Tuesday, July 28, 2009

Drug free muscle building tip of the day.

If you do nothing else all day from a supplement or nutritional standpoint make sure you at least follow your workouts with a whey isolate and carbohydrate drink mix. (My favorite mix is AST Sports Science VP2 Whey Isolate, Micronized Creatine, GL3 L-Glutamine and a liquid carbohydrate like DGC.)

The post workout time period is the most important time of the day to supply vital muscle building nutrients to your system. Your body is in a state created by your intense workout where nutrient uptake capabilities are at there greatest. It is well documented that a post workout drink with VP2 Whey Isolate and a carbohydrate mix will "flip the anabolic switch" and accelerate muscle recovery.

Make sure not to skimp on your protein choice either. To ensure you get a quality protein it is worth the extra investment. Cheap/lower quality protein supplements simply will not give you the best results. After busting your butt in the gym why settle for a cheap/low quality protein? There is no question in my mind that VP2 Whey Isolate is the best one out there and has been the corner stone of my nutrition for the past 11 years.

To help support this point I have a great example. In our documentary "I Want to Look Like That Guy" there are two different phases of Stuart's transformation. In the first phase we simply focus on Max-OT and Max-OT cardio with not much attention to nutrition. The idea was to get Stu acclimated to the training methods to encourage some initial strength and muscle gains before we really hammered the diet.

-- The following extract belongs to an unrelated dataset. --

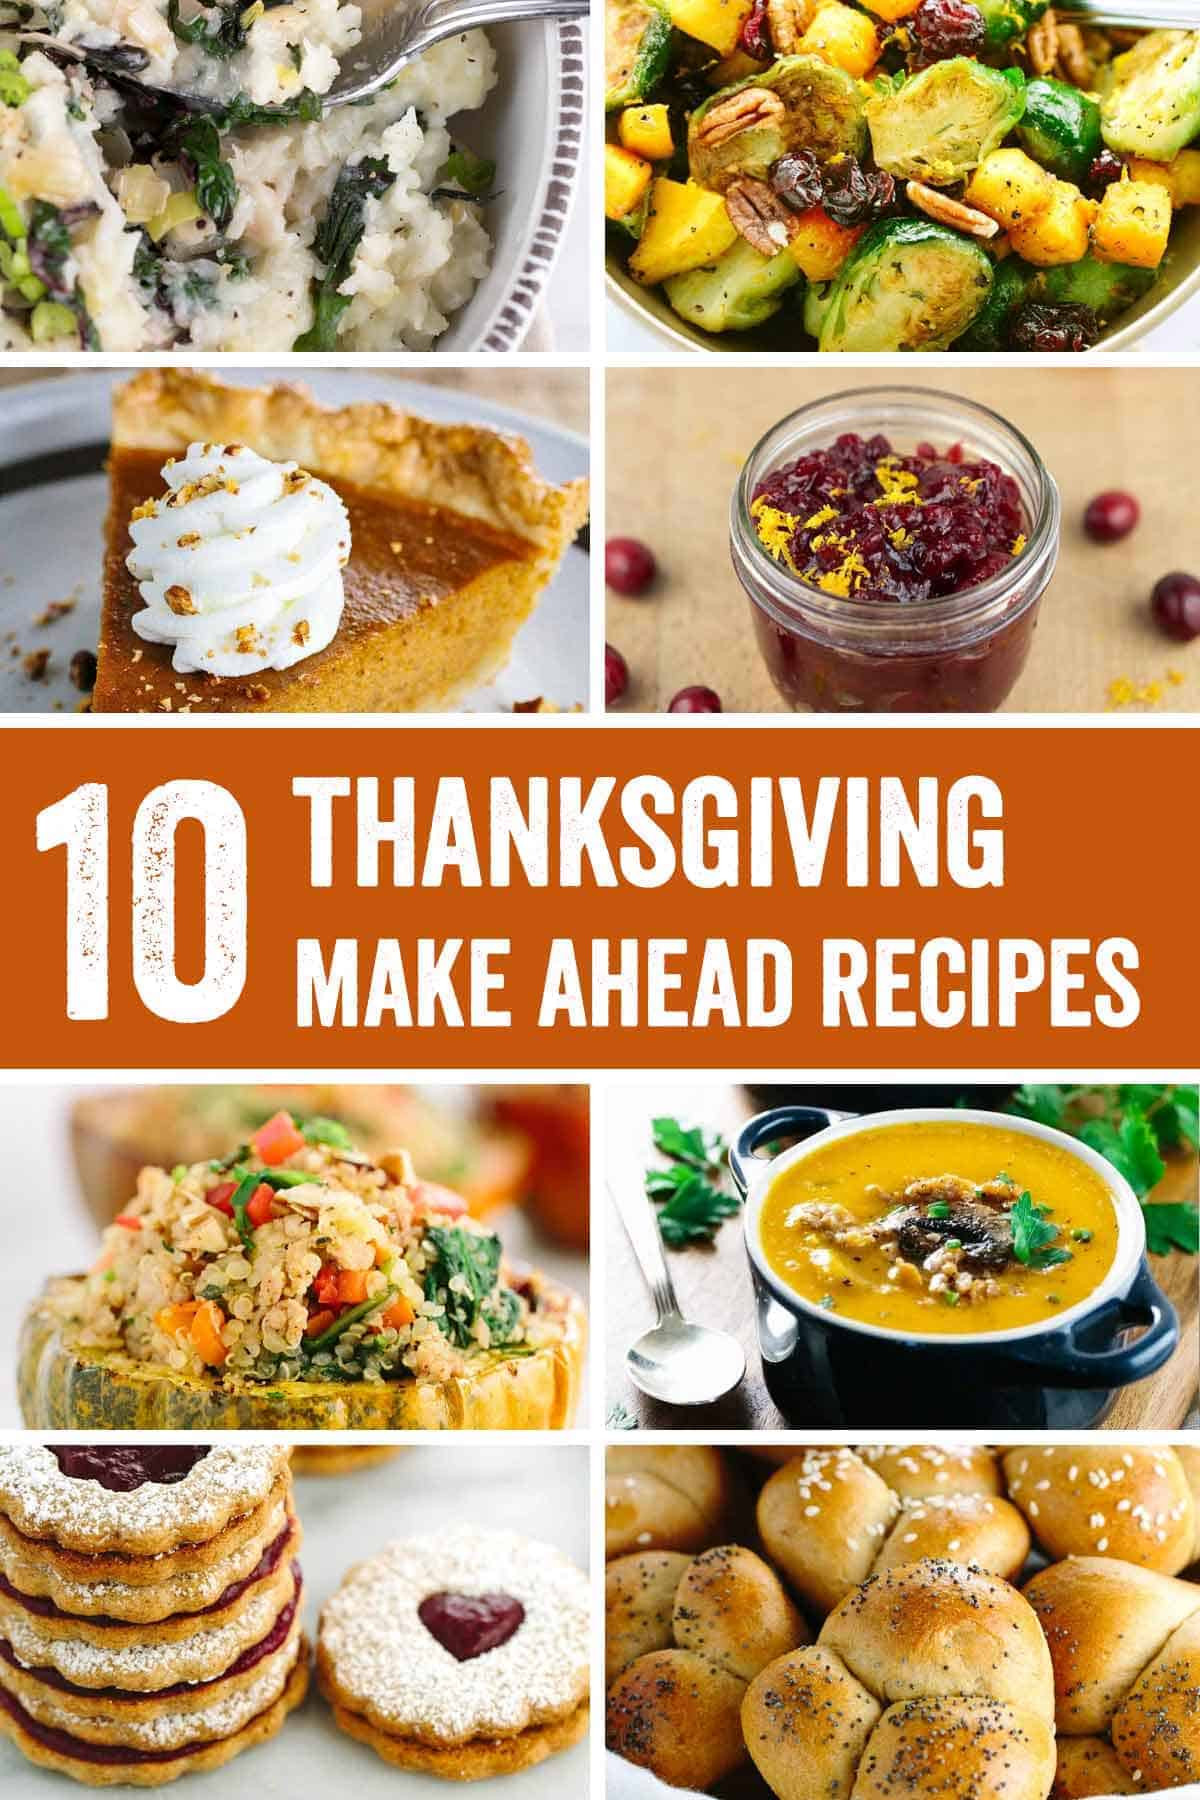 Make Ahead Thanksgiving Turkey  Roundup 10 Thanksgiving Make Ahead Recipes

The only real nutritional practice I had him implement was making sure he bracketed his workouts (before and after) with VP2 Whey Isolate/Micronized Creatine/GL3 L-Glutamine and DGC.

The simple combination of Max-OT training, Max-OT cardio and bracketing his workouts enabled him to show an increase in lean muscle mass and a decrease in body fat over a period of about 18 weeks. I don't have the exact numbers in front of me but his progress is detailed in the film by carefully administered bod pod measurements.

Granted, Stu's physical transformation was no where near what it ended up like after phase 2 of the film where we added strict attention to diet for 6 months, however, it does show that smart training with the Max-OT principles and this simple supplementation strategy can help you improve your body even if you don't pay much attention to anything else.

Believe. Achieve.


Sunday, July 26, 2009

Keep it simple.

A lot of times I think drug free bodybuilders are "missing the dollars to pick up the pennies". (Paul Delia, creator of Max-OT, told me that saying years ago and I loved it so I've used it ever since!) Or in other words, they over analyze things when it comes to their workouts and thus waste a lot of mental energy and many times even impede results by implementing less efficient methods or not fully executing all the Max-OT principles.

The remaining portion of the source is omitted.